# Real time delivery



## mdsbuc (Mar 17, 2005)

Have you got family there? Are you going to visit Drachenhöhle or any other touristy spots in the area? The view looks beautiful, and the Bier looks "nicht schlecht." Enjoy! :thumbup:


----------



## Me530 (Feb 17, 2005)

OMG maybach 

Sent from BimmerApp mobile app


----------



## Me530 (Feb 17, 2005)

Today we drove from Wald to Berchtesgaden via Munich and took a short rest in Bad Aibling. On the Autobahn between Bad Aibling and Berchtesgaden, I got a thumbs up and a honk from a fellow and more local BMW enthusiast. It made my day! We had a great time in Wald and my flat in Berchtesgaden is right fantastic. I don't have pictures of the flat yet but I'm listening to a mountain river rushing down to the valley as I type this. The twins have become amazing travellers and the nexus 7 has saved my sanity multiple times. I can't wait to fall asleep in this peaceful paradise. 

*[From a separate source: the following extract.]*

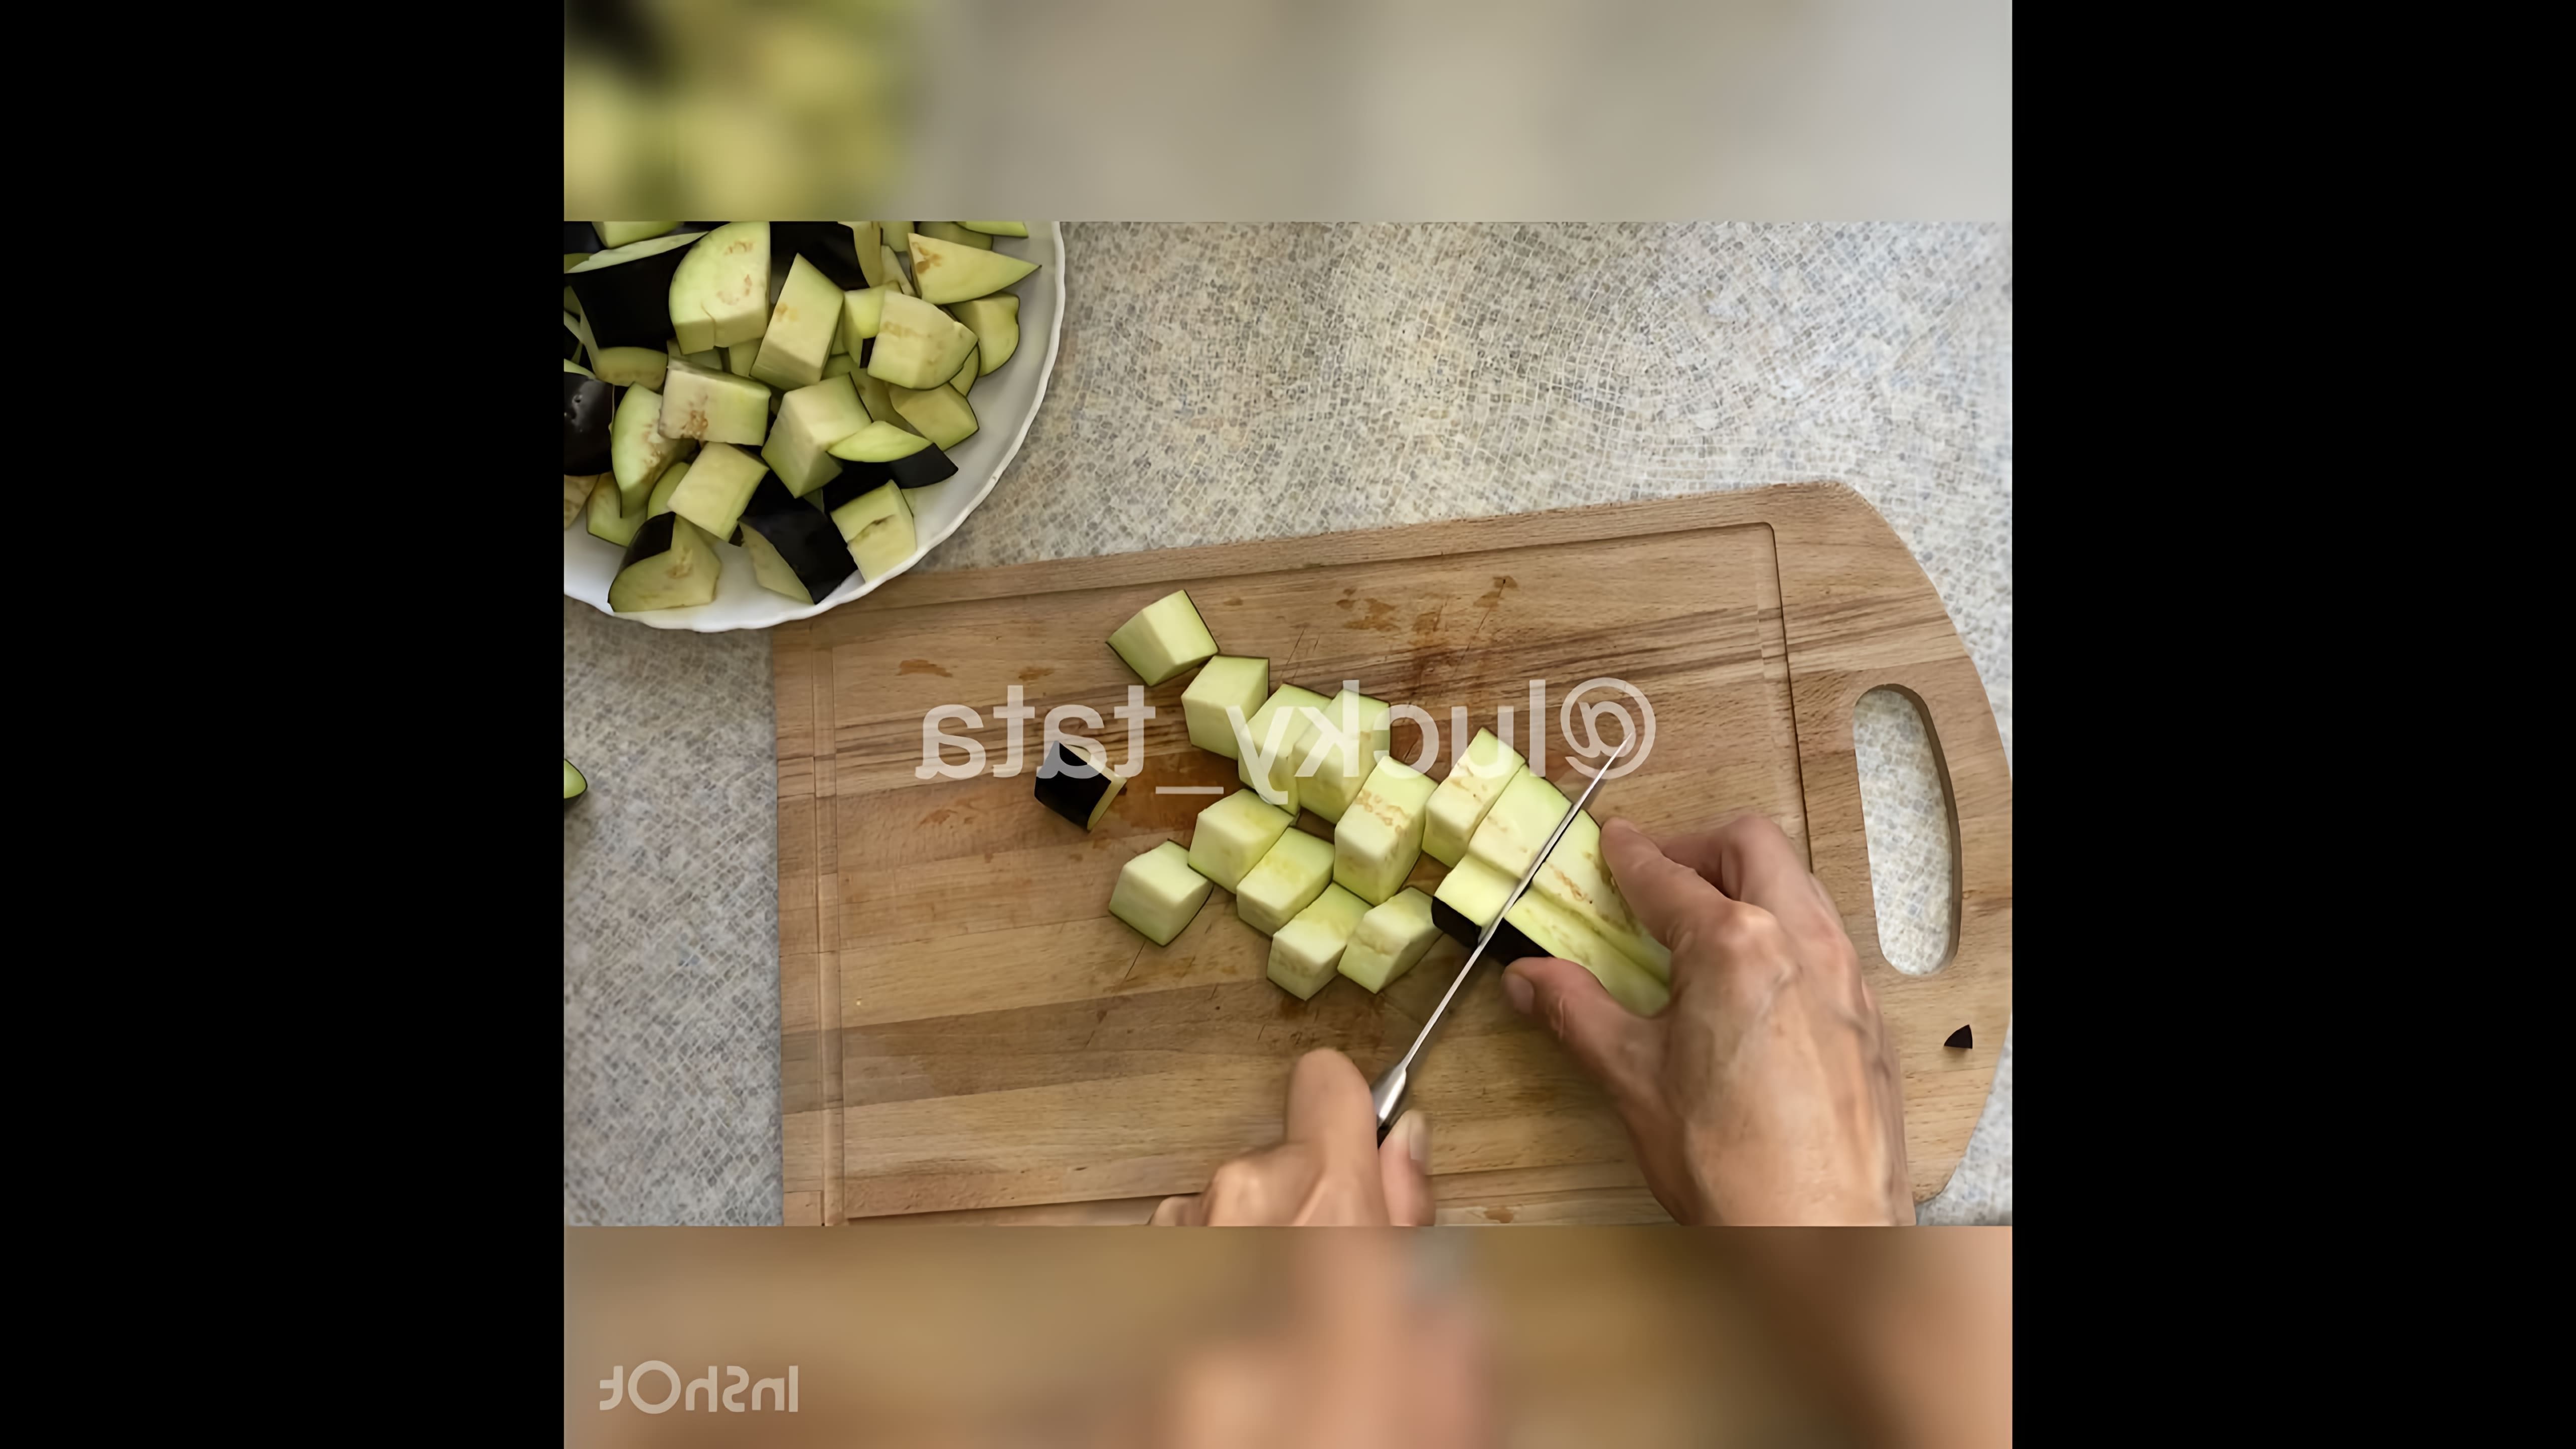 Салат "Лаззат" с хрустящими баклажанами - это вкусное и оригинальное блюдо, которое можно приготовить в домашних условиях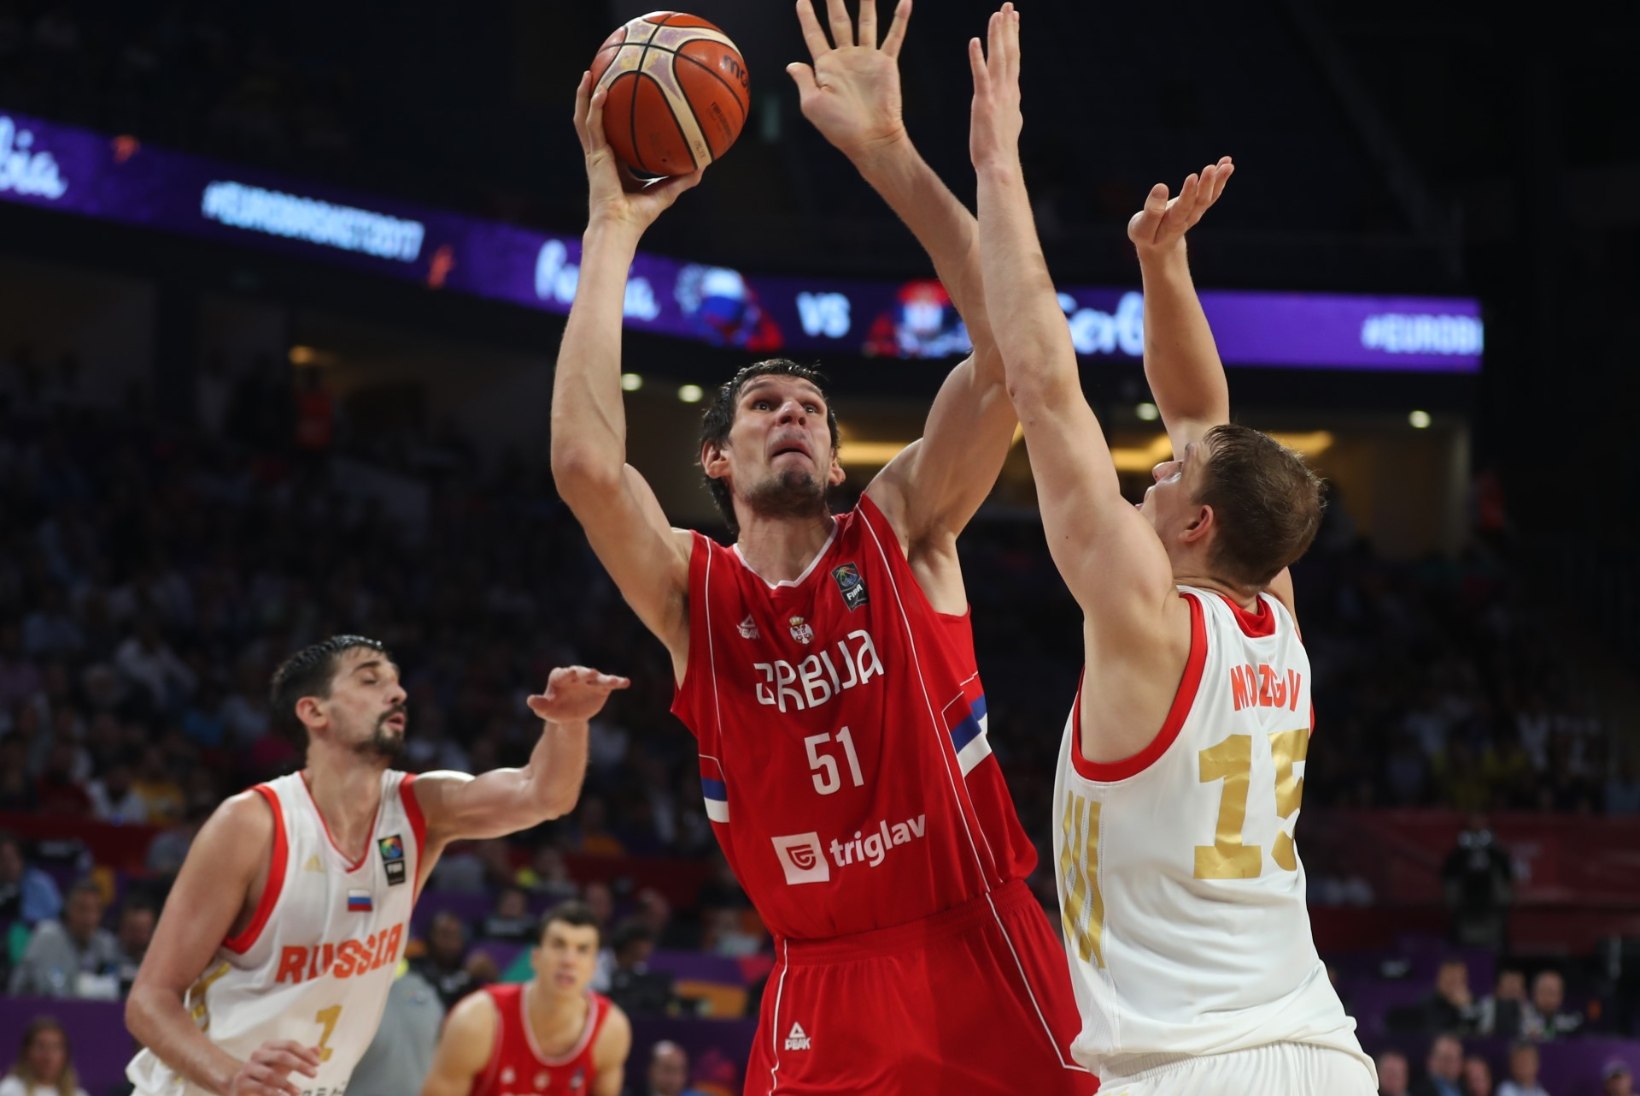 NII SEE JUHTUS | Sport 15.09: Serbia murdis kaheksa-aastase vahe järel korvpalli EMi finaali

Sent from BimmerApp mobile app


----------



## Me530 (Feb 17, 2005)

Some misc pics. Note the i3 in the wild!

Sent from BimmerApp mobile app


----------



## Me530 (Feb 17, 2005)

I could live in a Biergarten. 

Sent from BimmerApp mobile app


----------



## Me530 (Feb 17, 2005)

Also to note that nearly every autobahn I have been on in southern Germany has been crap. Construction and traffic and more construction. people are saying to go north and east to the former east Germany for some good high speed driving esp. towards Berlin. The 550 M sport has spent most of her time in ecopro mode due to the speed limits and traffic. Still a rocket ship and handled great in the limited twisties we've tackled. I don't miss the fancy dynamic handling package one bit so far.

Sent from BimmerApp mobile app


----------



## Me530 (Feb 17, 2005)

View from my room and balcony. Eagles Nest is visible through some trees (not pictured).

Sent from BimmerApp mobile app


----------



## Me530 (Feb 17, 2005)

BimmerApp!

Sent from BimmerApp mobile app


----------



## JSpira (Oct 21, 2002)

Me530 said:


> OK they take credit cards. TG.
> 
> Sent from BimmerApp mobile app


I was just about to ask - and then realized I missed this post.


----------



## JSpira (Oct 21, 2002)

Me530 said:


> BimmerApp!
> 
> Sent from BimmerApp mobile app


Nice pic - not captioned but it looks like Berchtesgaden to me.


----------



## 1JDM911 (Mar 28, 2014)

cool spots you took pics of, enjoy the trip!


----------



## Me530 (Feb 17, 2005)

JSpira - yes, it is the view from my room at my cousin's flat in Berchtesgaden. 

Sent from BimmerApp mobile app


----------



## Me530 (Feb 17, 2005)

Yesterday took a nature hike in the rain in Berchtesgaden national park. It is so lovely here even in the rain. Took a few twisty roads and the 550 was a beast. It really responds to curves in a surprising way. Fortunately nobody got carsick. Most of the good pictures are on the dslr. We had plans for going to Hofbräuhaus Berchtesgaden but the twins had a double meltdown and earned an early bedtime. Considering the disruption to their routine, I am so impressed that they've been as good as they have. We ended with a nice homemade pasta dinner while the twins slept. It was the most relaxing meal of our trip. Had a hazelnut schnapps absacker and woke this morning to the sunrise. Too bad the twins did too. 

Sent from BimmerApp mobile app


----------



## Me530 (Feb 17, 2005)

Pics

Sent from BimmerApp mobile app


----------



## Me530 (Feb 17, 2005)

More pics

Sent from BimmerApp mobile app


----------



## Me530 (Feb 17, 2005)

It turns out that the hotel in Wald had a contract for my family reunion and we had already paid the hotel fee with the fee for my family reunion. But they do take credit cards.

Sent from BimmerApp mobile app


----------



## Me530 (Feb 17, 2005)

Berchtesgaden and Obersalzburg. If you haven't been, there is no excuse.

Sent from BimmerApp mobile app


----------



## Me530 (Feb 17, 2005)

Last day in Berchtesgaden. 

Sent from BimmerApp mobile app


----------



## Gluhwein (Aug 21, 2011)

me530 said:


> berchtesgaden and obersalzburg. If you haven't been, there is no excuse.
> 
> Sent from bimmerapp mobile app


+++++++++1!!!


----------



## Me530 (Feb 17, 2005)

Everything from here on out is logistics for the trip home.  Back to reality! Maybe I'll have time on the flip side to do an official writeup.

Sent from BimmerApp mobile app


----------